The first person I met when I arrived in the US in 1985 was the son of a family where I spent Thanksgiving.
The first person I met when I arrived in the US in 1985 was the son of a family where I spent Thanksgiving. Though we went out, our communication was so poor I was never clear on whether we were officially together. I moved to LA and in 1991, on a layover flight from LA to Europe, he met me at JFK and we kissed. The plane never left and passengers were bused to a nearby hotel. He came to pick me up and drove me to his home outside the city. 19 years earlier, I had been in a very similar scenario, being flown to JFK on the private jet of a perpetrator, and taken to a similarly somber hotel room where I was left alone, convinced I was going to be tortured and killed. A gopher knocked on the door and led me to the backseat of a chauffeured sedan, where the owner of the private jet was waiting for me, smiling. As we drove to his home in the night, I took in the atmosphere and surroundings like manna from heaven, believing myself to be deeply loved because I was not tortured or killed, and instead offered nurturing touch and praise: sexual abuse for sure - but of the kind most confusing to a child - the kind that calls itself love.

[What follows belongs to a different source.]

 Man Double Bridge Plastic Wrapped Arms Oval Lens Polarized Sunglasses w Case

On that drive in 1991, I was unconsciously triggered back into that blissful feeling from my past, as my boyfriend drove me on the very same long and winding road to his parents' home. I spent two days feeling the out-of-this-world bliss high, absolutely loving every observable quality of my substitute perpetrator, always having been impressed with his extremely rational mind educated in the most prestigious institutions where he had graduated summa cum laude. I remained willfully blind to his habit of triangulating by constantly bringing up details of past relationships, or his failure to clarify his relationship status even though in his bedroom, heart shaped Valentine Day's balloons were still faintly swaying in their endless descent six months after the day.

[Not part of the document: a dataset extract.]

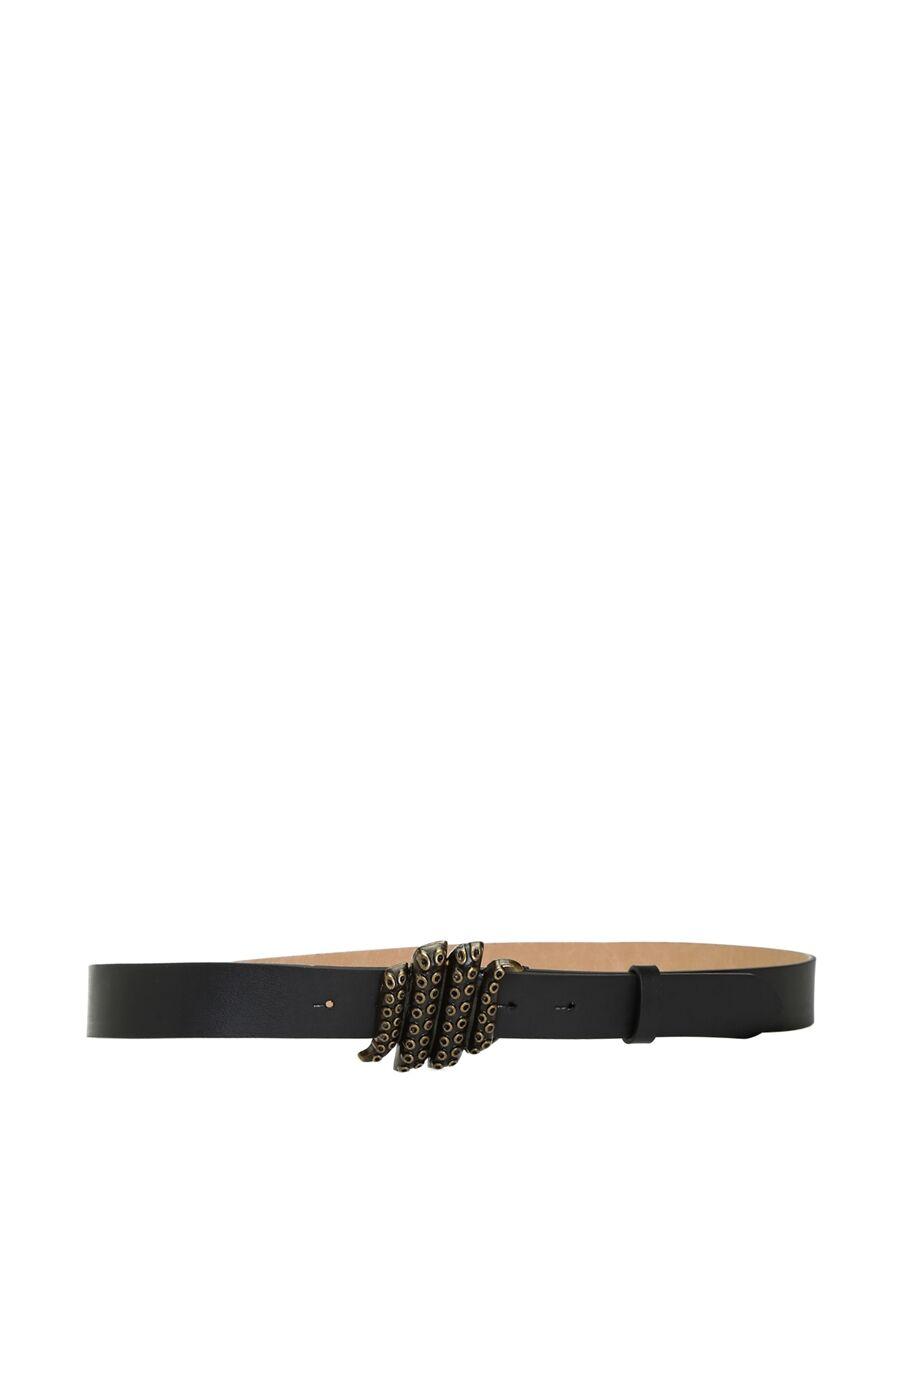 Ahtapot Tokalı Siyah Kadın Kemer

I always kept a very special place in my heart for this lover. We rekindled the romance some years ago, many years after we first met. Me, having spent my adult life healing, and he avoiding it, I found his old habits alive and well. A special softness was reserved in his heart for women who, like himself, were too weak to start healing from their trauma. Whereas I, who suffered a thousand times more than he could grasp, found him unable to empathize when I shared certain things I lived through. As the strong survivor, I got his unconscious revenge stored in the deepest recesses of his consciousness, that never found its way to the abusive parent.

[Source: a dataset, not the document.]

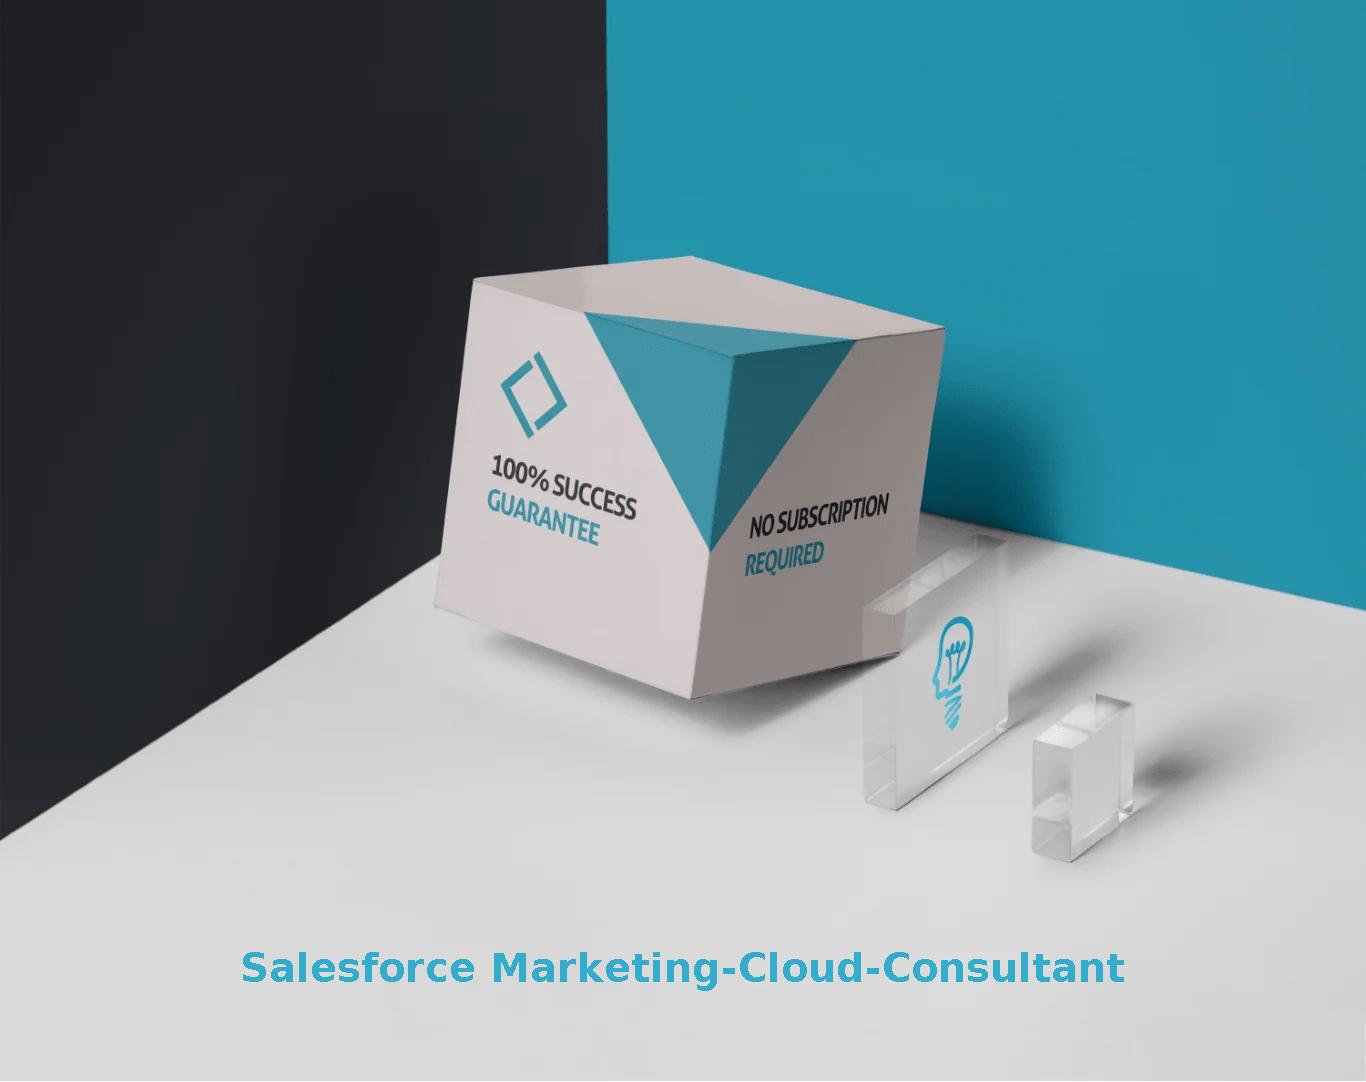 Marketing-Cloud-Consultant Dumps

He was a stand-in parental figure for me too, and I gave him the power to hurt me. I first re-experienced the bliss, all mixed with the substitute nurturance through sex where partners feel deeply, and are connected yet not intimate. This soon turned to the fear of being hurt, a stand-in fear for the terror I'd felt in the hotel room and on that night flight back in 1972, when I believed I was going to be used for some dark ritual that would most certainly end my life.
Recently, my old lover and I met, and I spoke to him with clarity, not worrying I hadn't made myself clear the first time when he didn't hear me, or felt like I had to explain better, and I didn't allow him to repeat himself. It was as though I'd unleashed 100,000 volts into a 100 watt lightbulb - he was rather pulverized. We hugged to say goodbye, and for a moment all the feelings, expressed and unexpressed over all these years were felt in a surge of energy and emotion, and then I left.